В неуклонном наращивании своих воинственных настроений русский мыслитель, как мы видели, приходит к убеждению, что познание и есть сущность самого грехопадения человечества. Все бедствия и ужасы жизни и даже смерть обязаны своим наличием именно ему. Философ требует революционного переворота в установках сознания. Правда, между наличным и искомым положением вещей, т.е. новым, свободным от законов бытия состоянием человека, он помещает высшую инстанцию, Бога, призванного, как мы знаем, у Шестова исполнять человеческие требования. Однако в плане, так сказать, конкретно-операциональном «дело освобождения» сводится именно к смене установок сознания и вроде бы зависит от точки зрения на предмет. Все это оказывается очень близким к убеждению, что «люди тонут в воде только потому, что ими овладела мысль о тяжести»[875]
. Так, парадоксальным образом, Шестов оказывается в одном стане со своим врагом – на территории гносеологии.Но и на этом зрелом этапе Шестов не забывает о «пострадавшей» человеческой личности (хотя его опека получает совсем печальный оборот). Смертный приговор, свершившийся над «лучшим из людей», Сократом, постоянно присутствует в последних работах автора как пример немыслимого и недопустимого события. Шестов, упрекая философию в бессердечности, с которой она – по самому своему устремлению отыскивать во всем закономерность и необходимость – относится к этому ужасному деянию, заявляет: «Философам все равно, о чем идет речь: о том, что отравили Сократа или отравили бешеную собаку»[876]

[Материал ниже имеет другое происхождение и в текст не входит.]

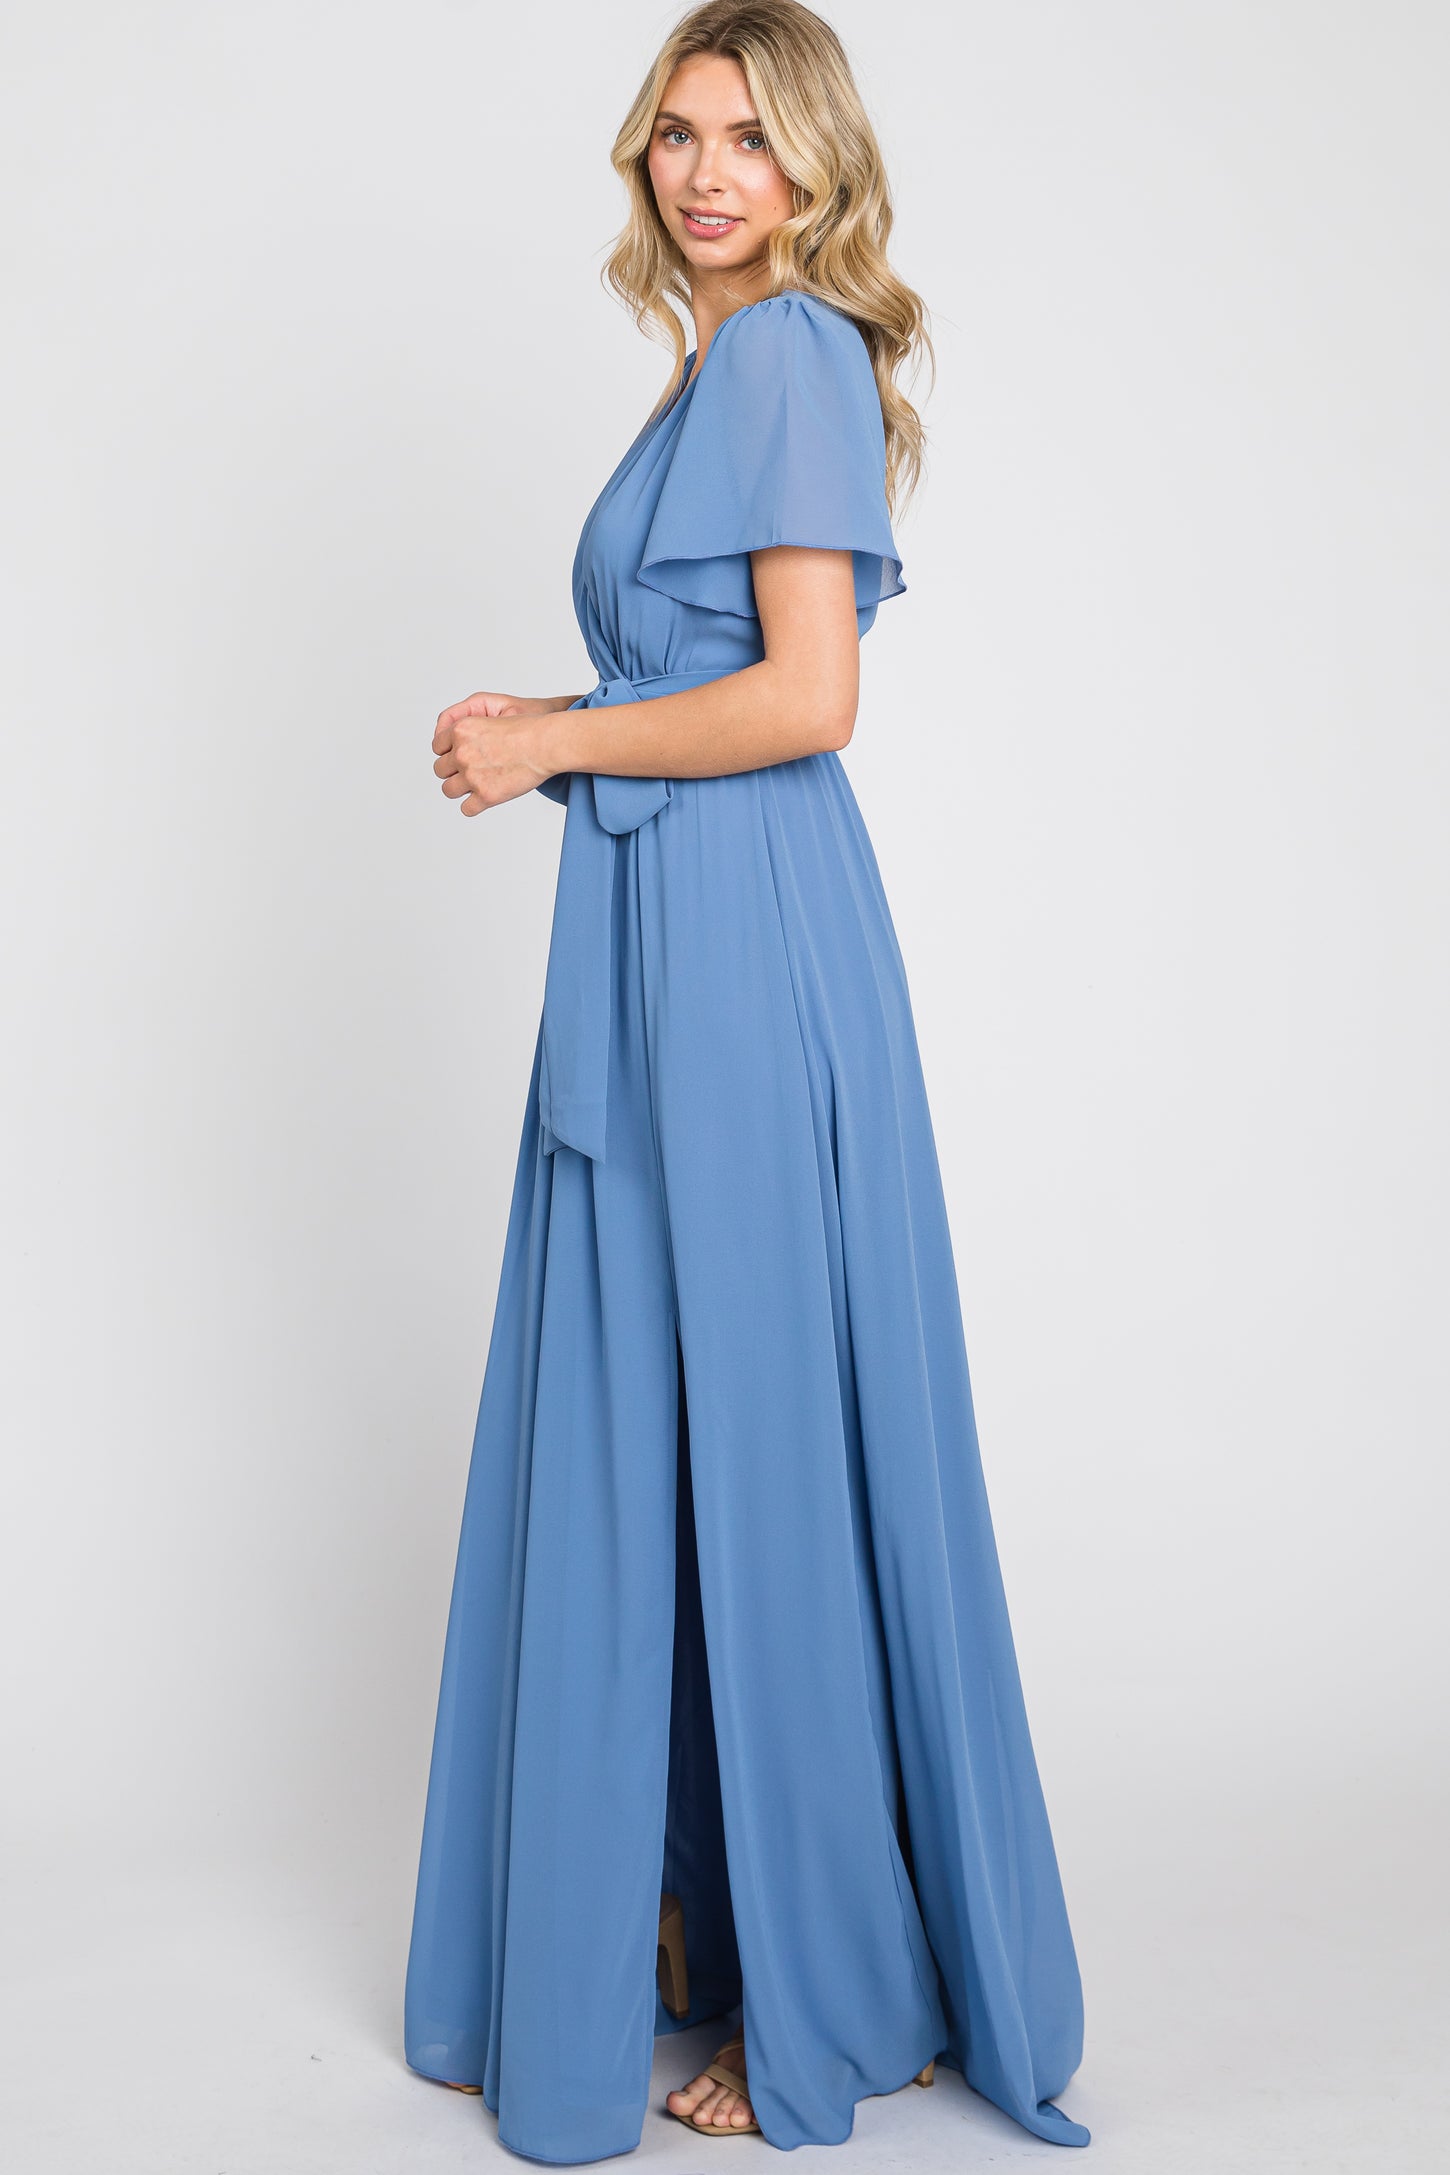 Dusty Blue-Upgrade Maxi Dress - Long Sleeve Dress - V neck Dress

. И как всегда, с точки зрения Шестова, хуже всего, наиболее примиренчески дело обстоит у Гегеля, который в своей «Истории философии» объясняет, что «Сократу так и полагается быть отравленным и что в этом никакой беды не было: умер старый грек – стоит ли из-за такого пустяка шум поднимать? Все действительное разумно, то есть оно не должно и не может быть другим, чем оно есть»[877].Тут наш мыслитель, как это часто с ним случалось, оказался невосприимчив к чужому тексту. Не только учению Сократа, но и его жизненной судьбе посвящены многие страницы «Истории философии» Гегеля. Подробно исследуются весь ход событий, причины, приведшие к гибели греческого философа, воссоздан идейно-исторический перекресток, на котором настоящее афинского народа встретилось с его будущим в лице Сократа. Гегель входит в детали внутренней мотивации «старого грека», его предстояния перед судом и перед лицом смерти. Немецкий философ не забывает, конечно, и об интересах субстанциального духа, соблюдая принятую в его системе иерархию: Сократ со стороны его учения велик тем, «что благодаря нему мировой дух поднялся на более возвышенную ступень сознания»[878]

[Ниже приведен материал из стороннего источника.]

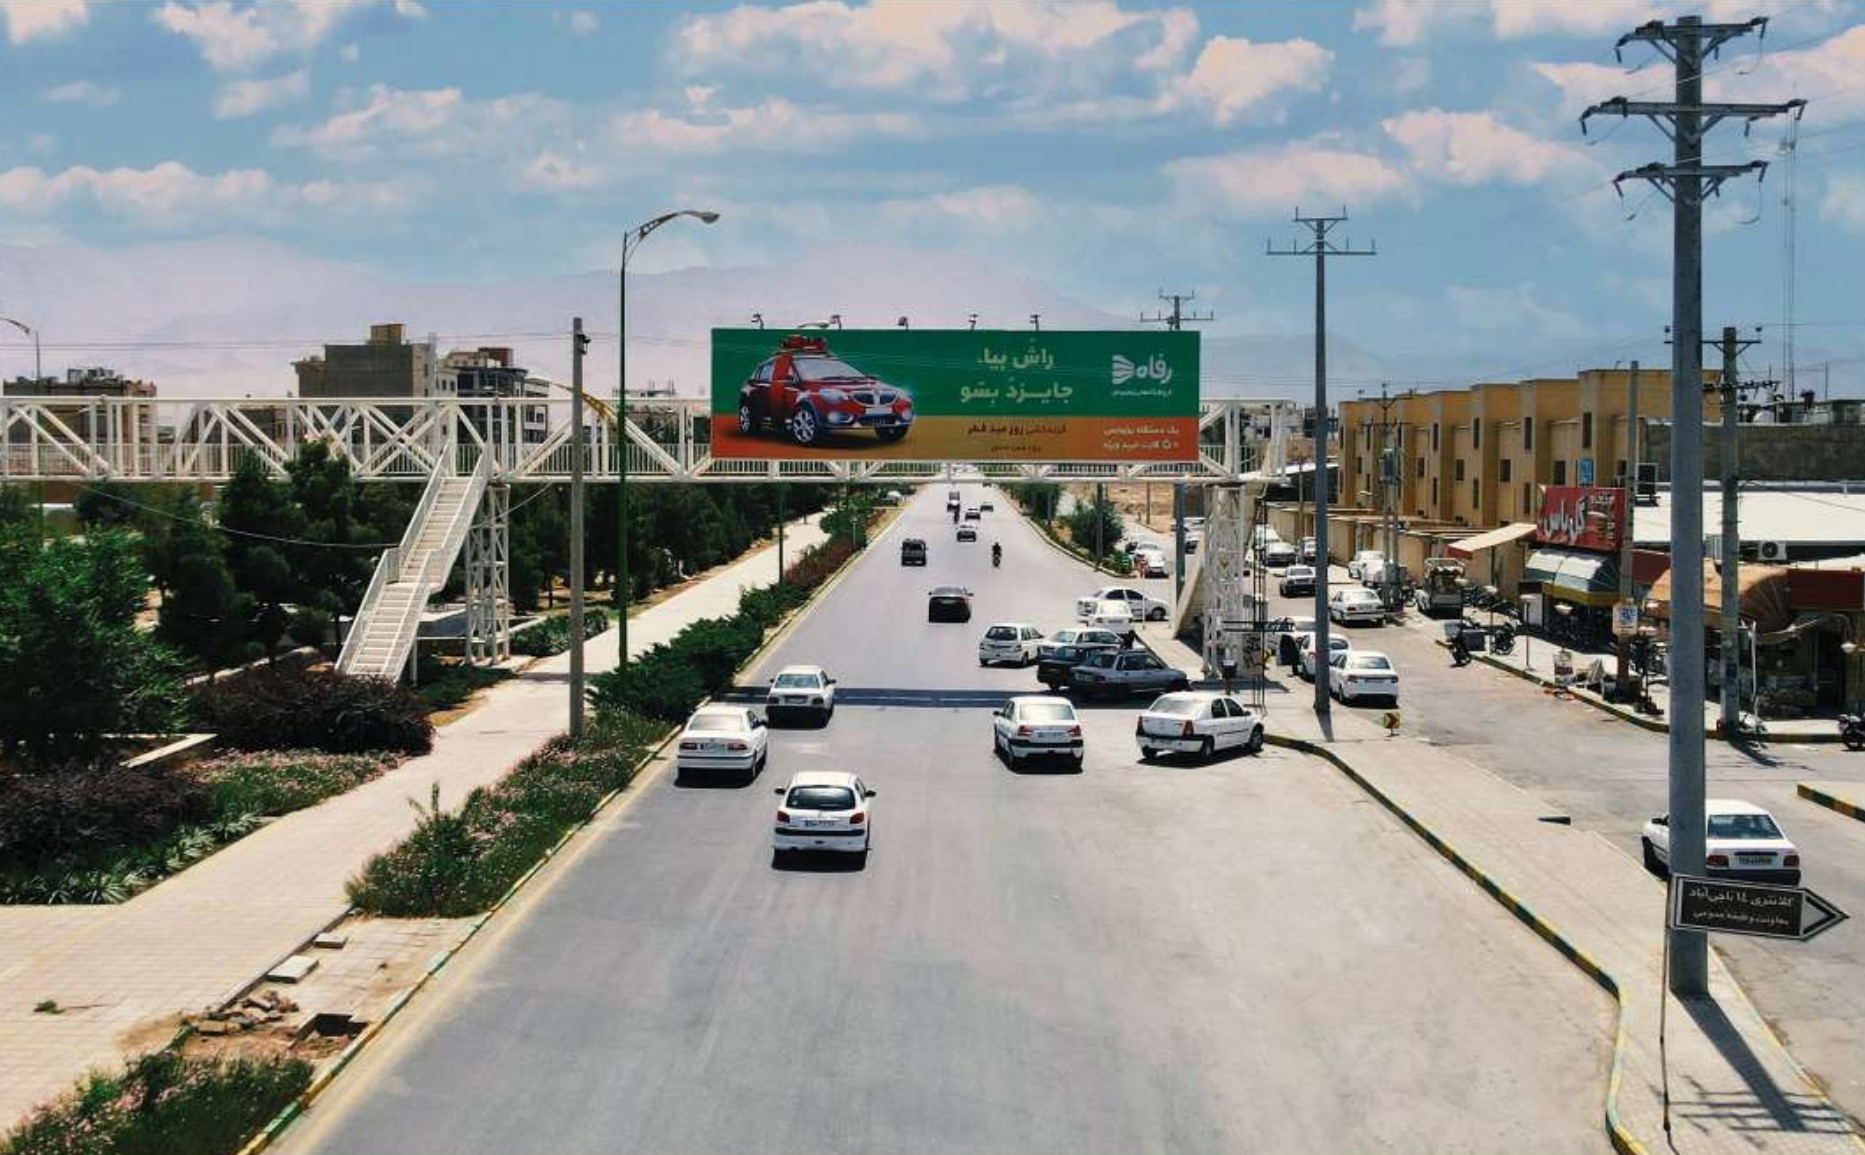 پل عابرپیاده بلوار امام رضا(ع)، مقابل مرکز خرید گل یاس
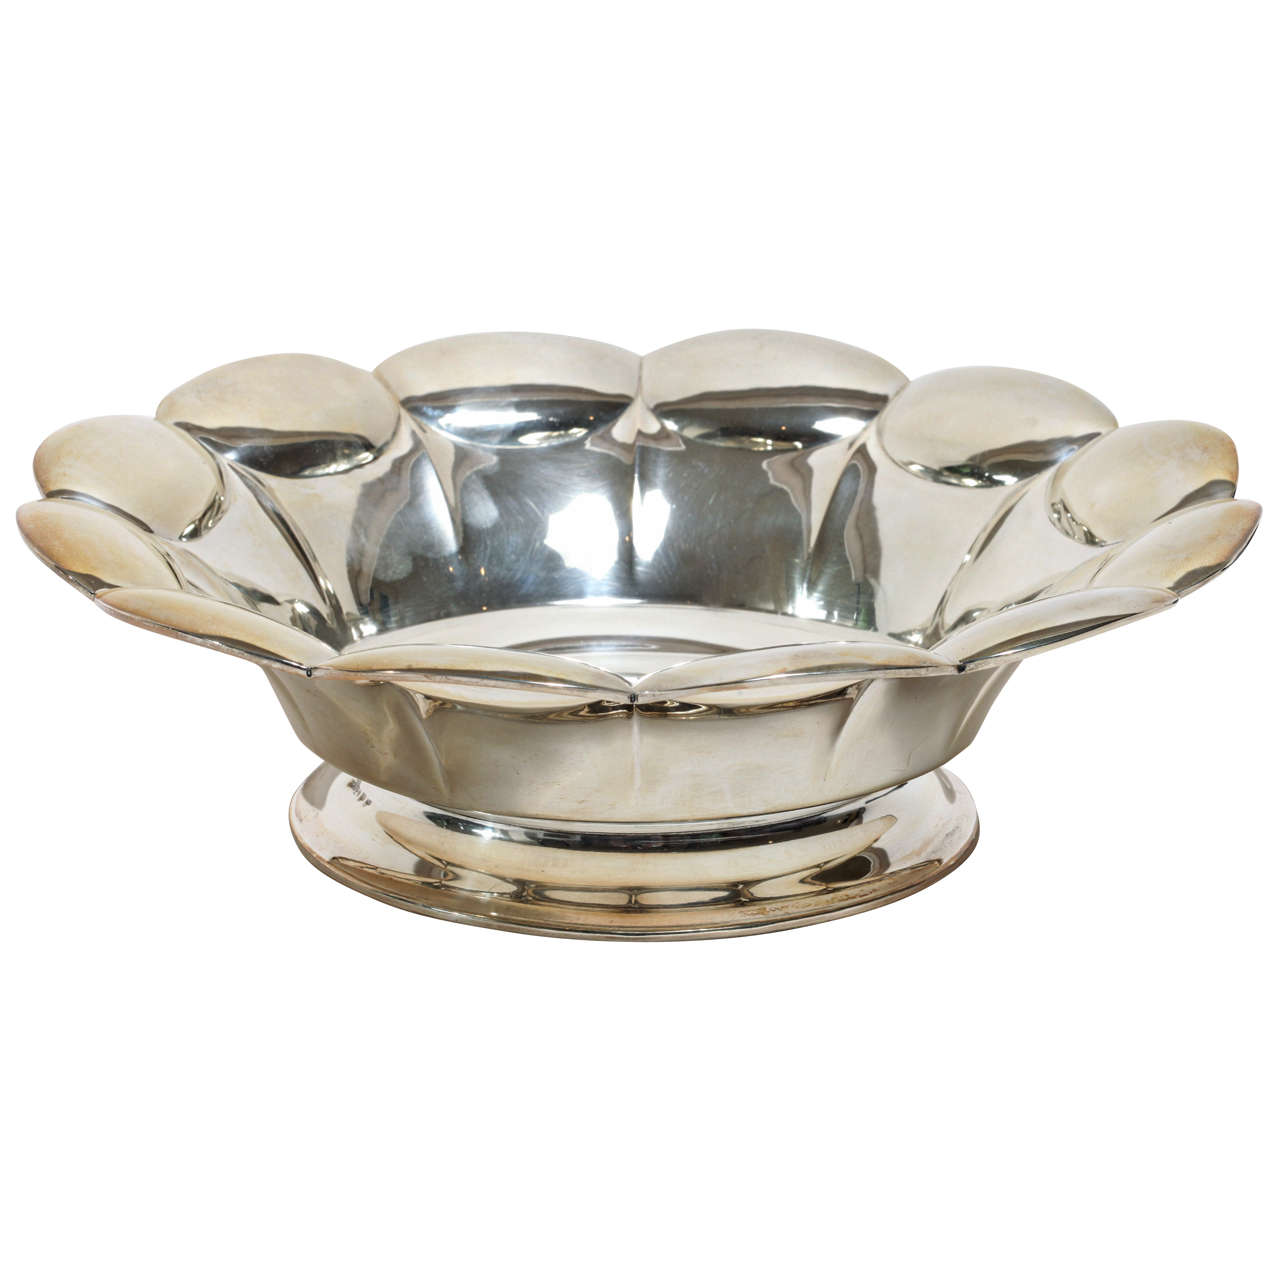 Swedish Art Deco Silver Bowl

. Если бы Сократу случилось разойтись с субстанциальными силами истории, то, возможно, его в «Истории философии» постигла бы та же судьба, что и трагических героев «Коварства и любви» в «Лекциях по эстетике»: Гегель осудил их за то, что «они носятся со своими частными интересами и страданиями»[879]. Индивидуум, как известно, заслуживает внимания философа, если он оказывается попутчиком мировому духу. В шиллеровских драмах «Фиеско» и «Дон Карлосе», например, Гегель находит «более возвышенные главные персонажи, так как они усваивают себе некое более субстанциальное содержание»[880]. Сократ же – в частности, как интеллектуал – увлек воображение немецкого философа, и тот преклонился перед его нравственной силой. «Мы восхищаемся в нем, – пишет Гегель, – этой моральной самостоятельностью, которая <…> не склоняется ни к тому, чтобы действовать иначе, ни к тому, чтобы признать несправедливостью то, что она считает справедливым»[881]. Сократу воздается честь и как трагическому лицу. И именно его добровольная гибель справедливо расценивается Гегелем в качестве «достойного» исхода, придающего смысл его жизни.Шестов выдвигает абсолютно ирреалистическое требование обратного: ликвидировать истину о гибели Сократа, считая утверждение ее предательством по отношению к античному мыслителю, и хочет сделать «бывшее небывшим». Требование немыслимое по дерзости. При этом место горькой истины заступает та самая «сладкая ложь», против которой раньше так отчаянно боролся Шестов.